INFO[0000] Running 1 scenarios with a parallelism of 1
Detonating 'aws.exfiltration.ec2-share-ebs-snapshot' with Stratus Red Team
Execution ID:c59242de-a4de-4c8f-a5ae-145e5c484820
INFO[0104] Scenario 'Exfiltrating an EBS snapshot' passed in 104.16 seconds
Using Threatest as a Go framework
You can also use Threatest programatically. First, we import it and instantiate it:
import (
...
. "github.com/datadog/threatest/pkg/threatest"
)
func TestDetection(t *testing.T) {
threatest := Threatest()
}
Next, we create a scenario, similar to the first example above:
ttp := StratusRedTeamTechnique("aws.exfiltration.ec2-share-ebs-snapshot")
threatest.Scenario("Exfiltrating an EBS snapshot").
WhenDetonating(ttp).
Expect(DatadogSecuritySignal("AWS EBS Snapshot possible exfiltration")).

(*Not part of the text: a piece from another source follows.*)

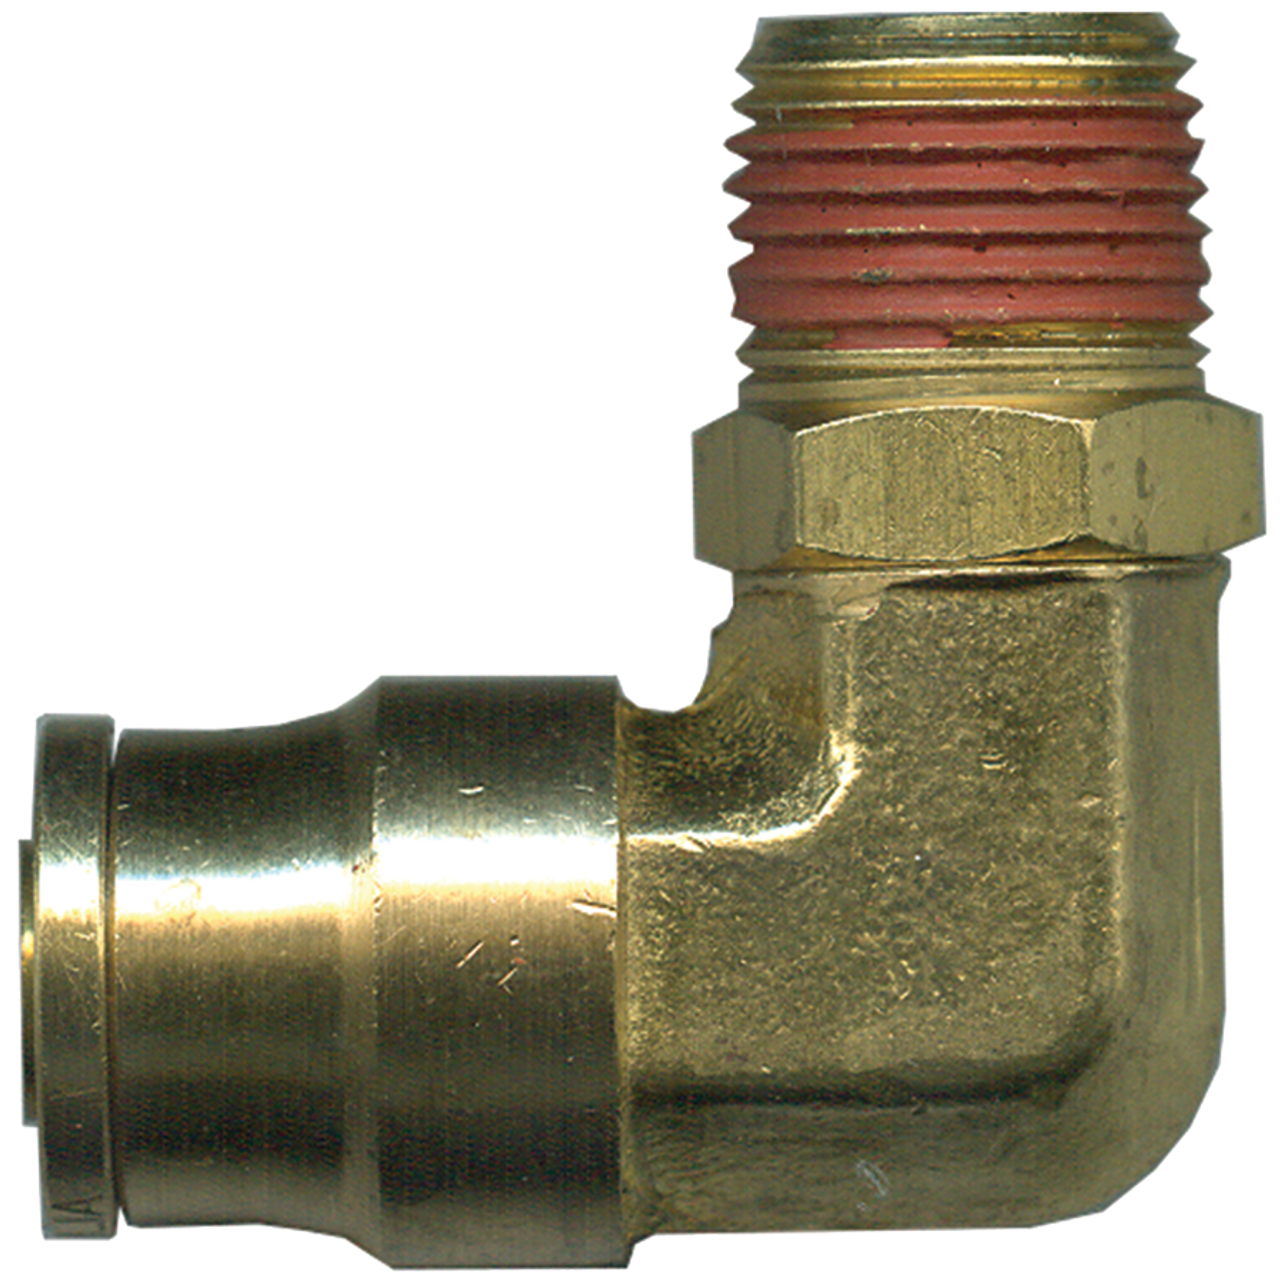 3/4 x 1/2" Brass DOT Push-To-Connect - Male NPT Swivel 90° Elbow  PC1469SW-12D

WithTimeout(15 * time.Minute)
Then, we run the scenario:
require.NoError(t, threatest.Run())
Finally, we run our test.
$ go test detection_test.go -v
=== RUN TestDetection
Detonating 'aws.exfiltration.ec2-share-ebs-snapshot' with Stratus Red Team
Execution ID:5b24cd0e-d4d5-4984-8d67-a2ab3073216c
--- PASS: TestDetection (92.34s)
PASS
ok command-line-arguments 93.296s
Again, if the expected alert hasn’t triggered after the specified timeout, Threatest will raise an error:
detection_test.go:21:
Error Trace: detection_test.go:21
Error: Received unexpected error:
At least one scenario failed:
Exfiltrating an EBS snapshot: 1 assertions did not pass
=> Did not find Datadog security signal 'AWS EBS Snapshot possible exfiltration'
--- FAIL: TestDetection (948.09s)
Head over to the examples section of our repository to see additional ways of using Threatest, including how to detonate commands over SSH or use it along with Terratest.
How we use Threatest at Datadog
We built Threatest to meet our needs for testing out-of-the-box detection rules that ship with our Datadog Cloud SIEM and Cloud Workload Security products, as well as rules used internally by our threat detection team.
What’s Next
Open source is at the core of engineering culture at Datadog. We wanted to ensure the community could benefit from Threatest early on and participate in its development.

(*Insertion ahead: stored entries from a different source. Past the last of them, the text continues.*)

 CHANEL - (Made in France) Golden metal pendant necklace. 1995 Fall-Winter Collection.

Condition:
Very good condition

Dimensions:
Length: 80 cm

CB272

Moving forward, we are eager to add support for platforms other than Datadog in Threatest, and we’d love to collaborate. Feel free to open an issue on the repository and we’ll be happy to chat. We also plan to add additional detonators such as running commands inside a container or Kubernetes pod and detonating commands locally or remotely using Atomic Red Team.
We hope Threatest will advance the state of end-to-end threat detection testing, and we can’t wait to hear from you!